Ab initio drug development against neosporosis is certainly not possible due to the high costs and low market return compared to other diseases. Consequently, the repurposing of compounds effective against other pathogens may constitute a suitable approach. Despite the fact that a wide range of compound classes exhibit interesting effects against N. caninum tachyzoites in vitro [6], only a few have been demonstrated to be effective in suitable animal models. One example is buparvaquone (BPQ), a drug effective against bovine theileriosis [7], currently marketed in Africa. BPQ is effective against N. caninum in vitro and in vivo [8], and inhibits the vertical transmission of N. caninum [9] and of T. gondii [10] in pregnant mouse models.
In 2011, to stimulate drug discovery beyond malaria, Medicines for Malaria Venture (MMV) created the open-source MMV Malaria Box issuing from three previous screenings of libraries from the St. Jude hospital [11,12], from GlaxoSmithKline [13], and from Novartis [14,15]. Further selections resulted in 200 drug-like and 200 probe-like compounds with IC50s against Plasmodium falciparum blood stages below 4 µM and a more than 10 times lower cytotoxicity against HEK-293 cells [16].
The Malaria box was freely accessible until 2016. Data on activities, structures, chemical properties, cytotoxicity are, however, still openly available (www.mmv.org/mmv-open) and in vitro absorption distribution-metabolism-excretion (ADME) and in vivo pharmacokinetic data is available on request. Consequently, preclinical and clinical candidates for a wide range of diseases have been identified. The box has been tested against a wide range of pathogens, including apicomplexan parasites of medical and economic importance, and the outcome of these studies has been published by Van Voorhis et al. [17]. Since that particular study has focused mainly on human diseases, the effects on parasites with a merely veterinarian importance, such as N. caninum or Theileria sp. have not been extensively covered. Thus, we have screened the Malaria box against N. caninum and T. annulata in separate studies, and the results of the screening against T. annulata were published elsewhere [18]. Here, we present the results of a differential screening of the Malaria Box against N. caninum and their host cells used for in vitro maintenance of these parasites. Nine compounds effective against N. caninum and T. annulata, but not against host cells were characterized in more detail.
2. Results
2.1. Differential Screening
In a first differential screening, the 390 compounds contained in the MMV Malaria Box were screened against human foreskin fibroblasts (HFFs) infected with a N. caninum strain expressing Escherichia coli β-galactosidase to determine the effectiveness against N. caninum tachyzoites and against uninfected HFFs to determine cytotoxicity. Thirty-nine compounds were effective against N. caninum. eleven of these compounds were, however, cytotoxic against HFFs. Of the resulting twenty-eight compounds (19 were probe-like, nine were drug-like) with specific antiparasitic activity, nine were also effective against Theileria annulata (Figure 1). The MMV numbers of the 28 “Hits” are given in Table A1 in Appendix A.
2.2. Inhibition Curves
In a next step, the IC50 values of the nine compounds effective against both, N. caninum and T. annulata, were determined using a concentration range of 0–250 nM. Four compounds (1–4) had IC50 values below 0.1 µM, and one compound (5) had IC50 values below 0.2 µM (Figure 2A). The IC50 values of the four compounds 6–9 were above the concentration range used (Figure 2B) and had to be extrapolated.

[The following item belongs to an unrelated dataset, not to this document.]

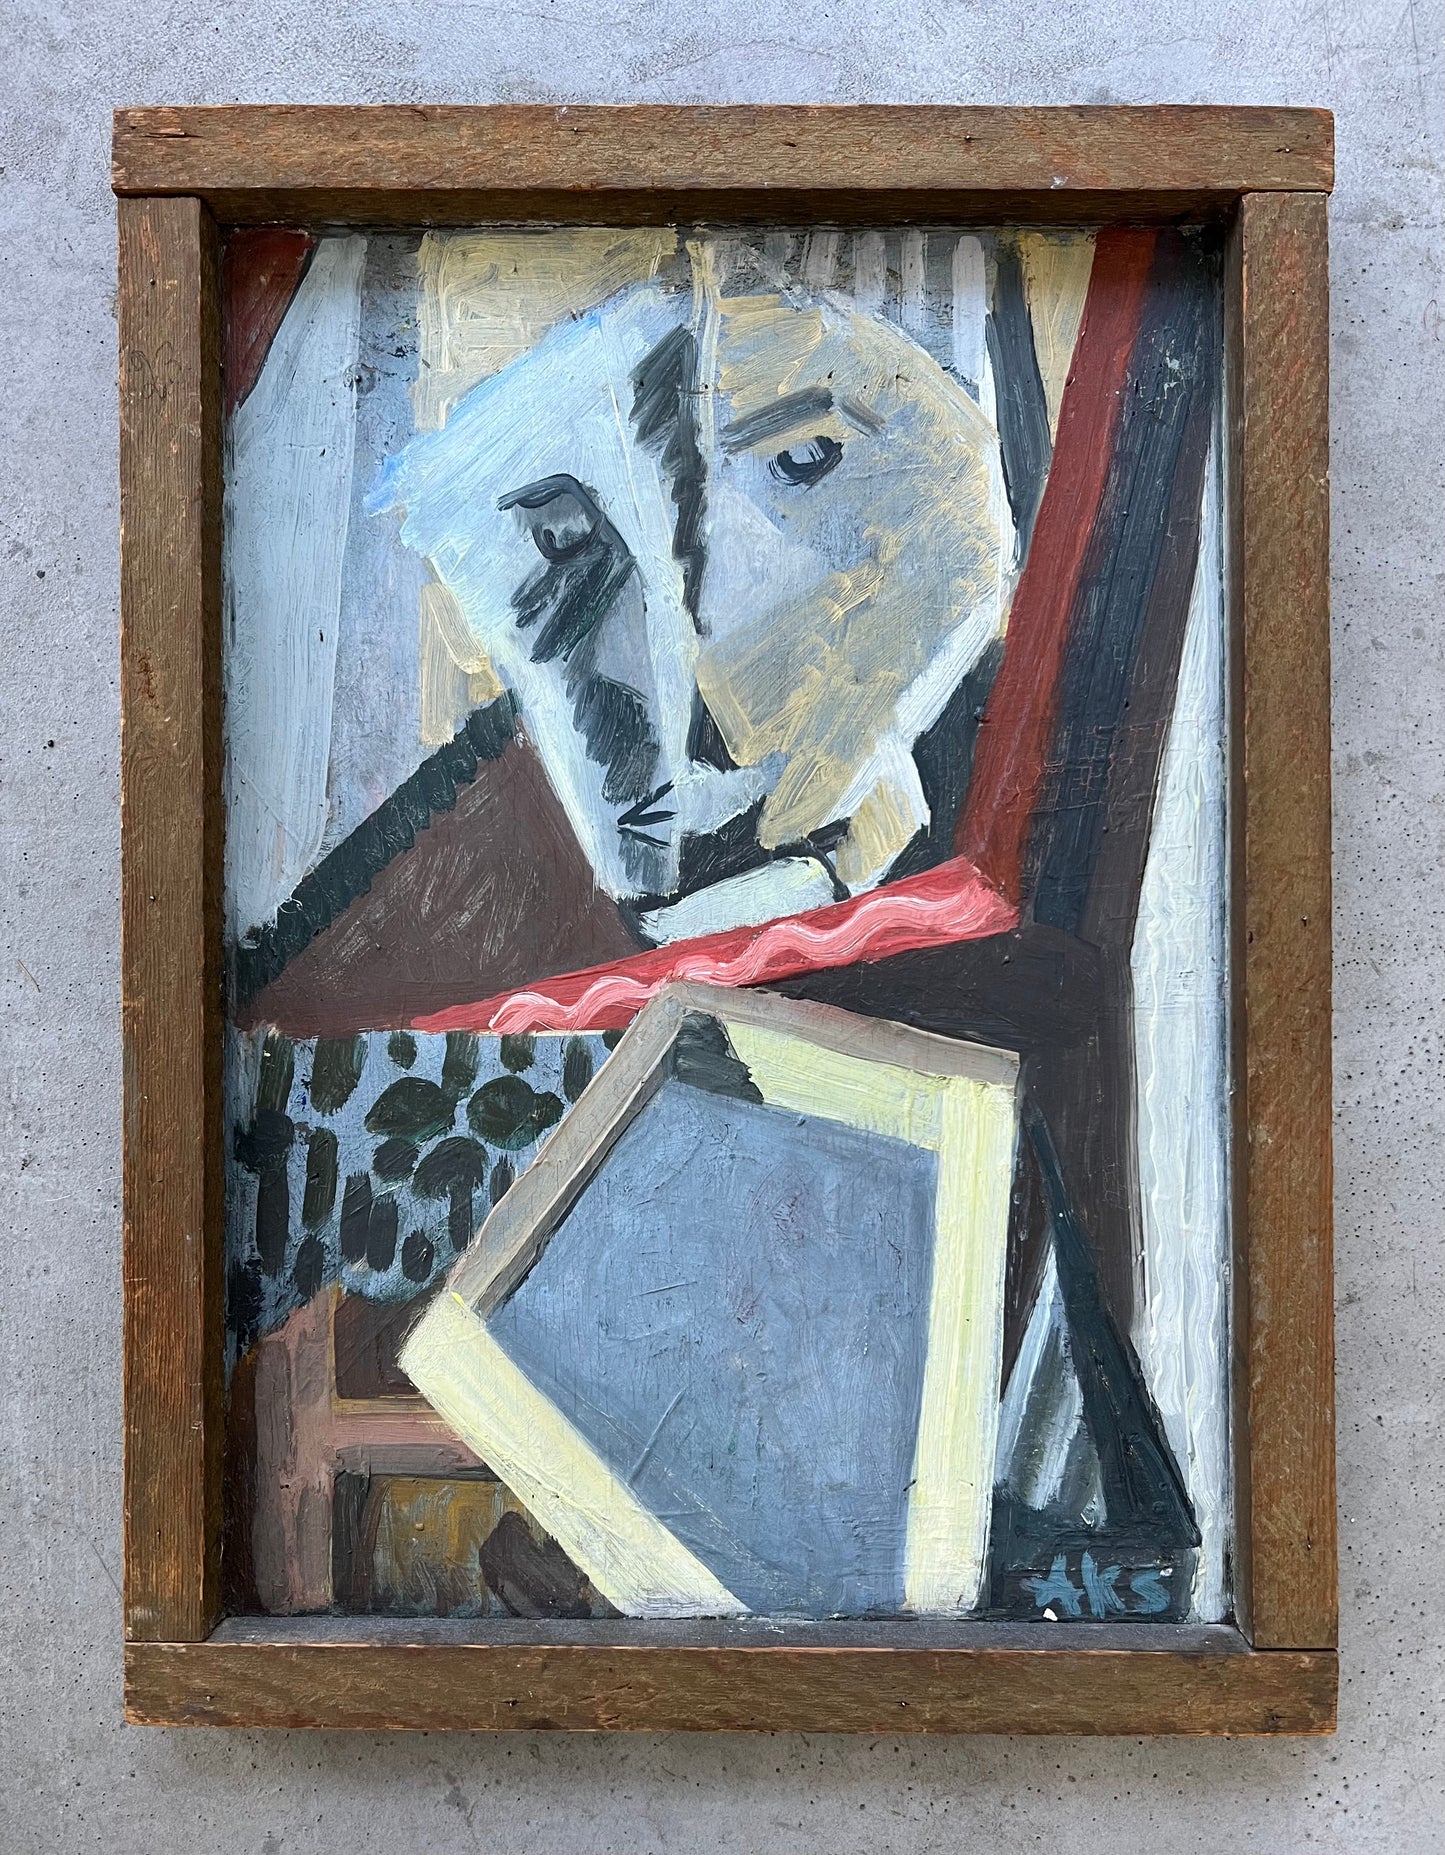 Anna Klindt Sørensen. “Efter Picasso, composition”, 1930’s

Compound (1), MMV665941, had the lowest IC50 with 25 nM. Effectiveness and LogP were not correlated since lipophilic compounds, e.g., compounds (1–4), and a hydrophilic compound (5) had IC50 values below 0.2 µM (Table 1).

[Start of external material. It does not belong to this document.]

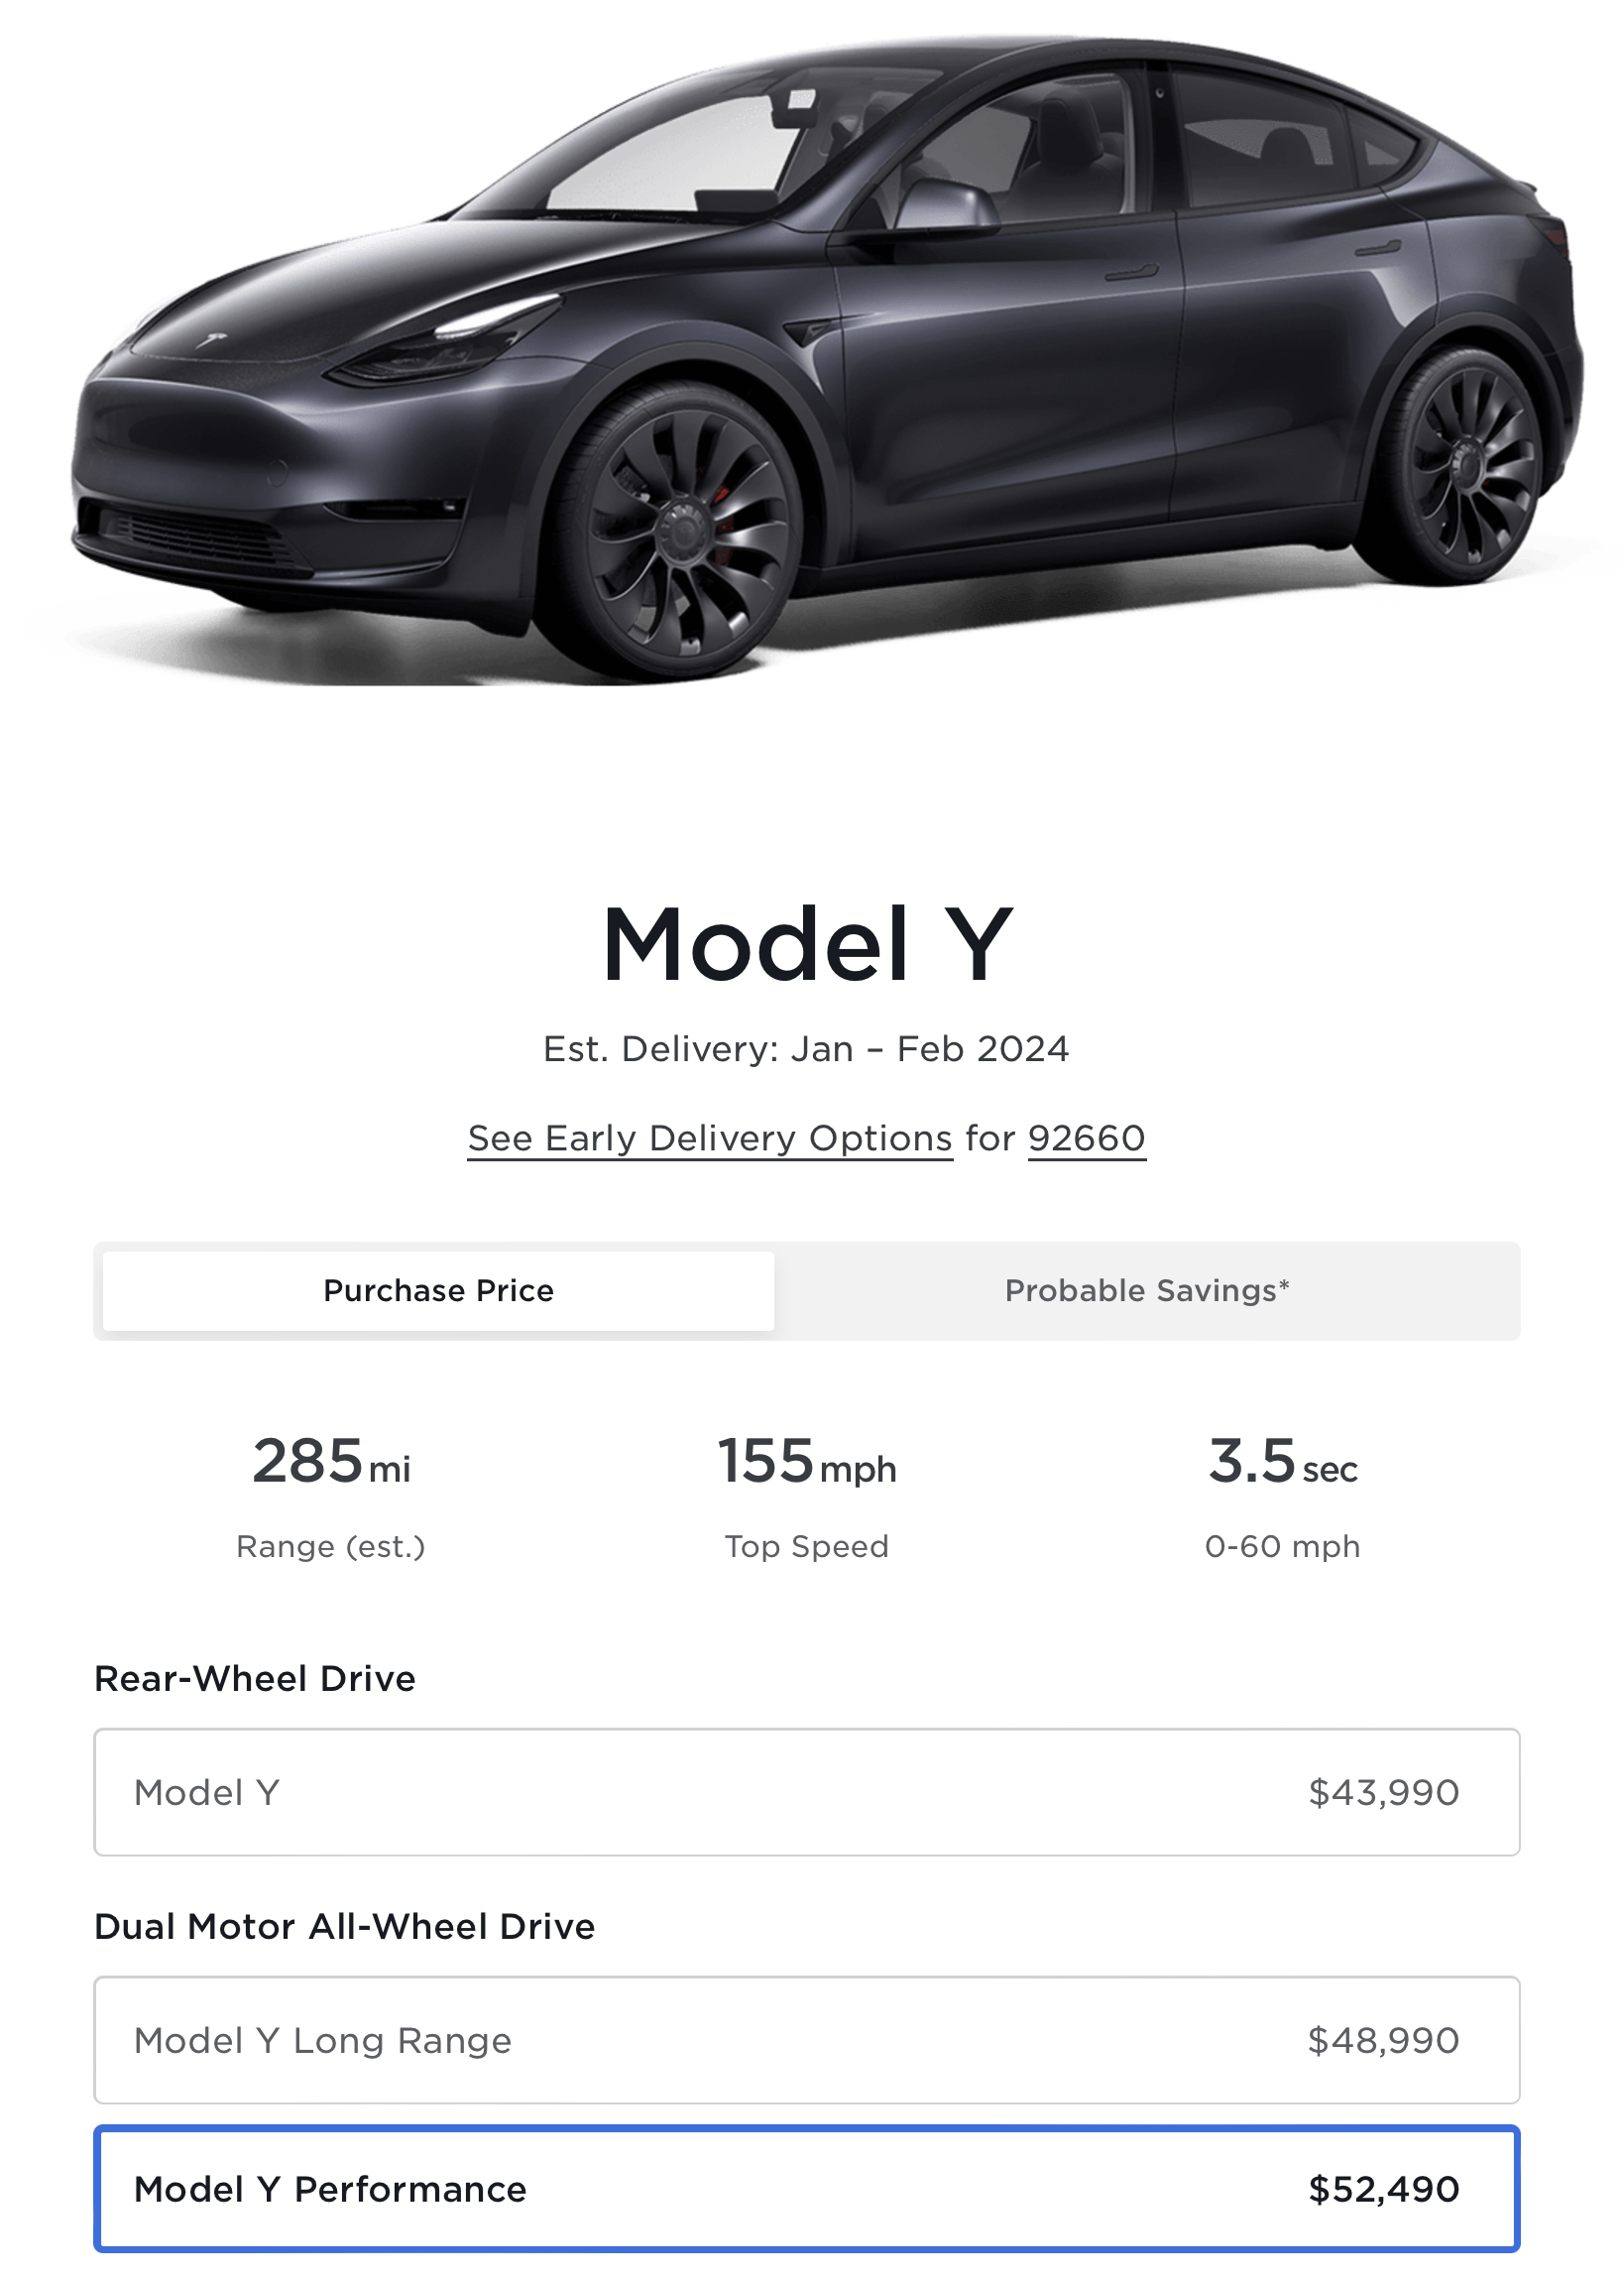 Tesla Model Y range estimate reduced by 6, more realistic

The structures of the most effective compounds (1–5) are depicted in Figure 3.
Interestingly, the structure of compound (1) is very similar to crystal violet (which lacks the OH group). However, structurally and in terms of its properties, this compound is clearly different from crystal violet.
2.3. Effects on the Ultrastructure of N. caninum Tachyzoites
In a next step, we investigated the effects of three of these five compounds, namely compound (1), compound (2), compound (5), and dimethyl-sulfoxide (DMSO) as a control, on the parasite ultrastructure. The selection of test compounds included the two compounds with the lowest IC50 (1 and 2), and compound (5), which had an unusually low logP (Table 1).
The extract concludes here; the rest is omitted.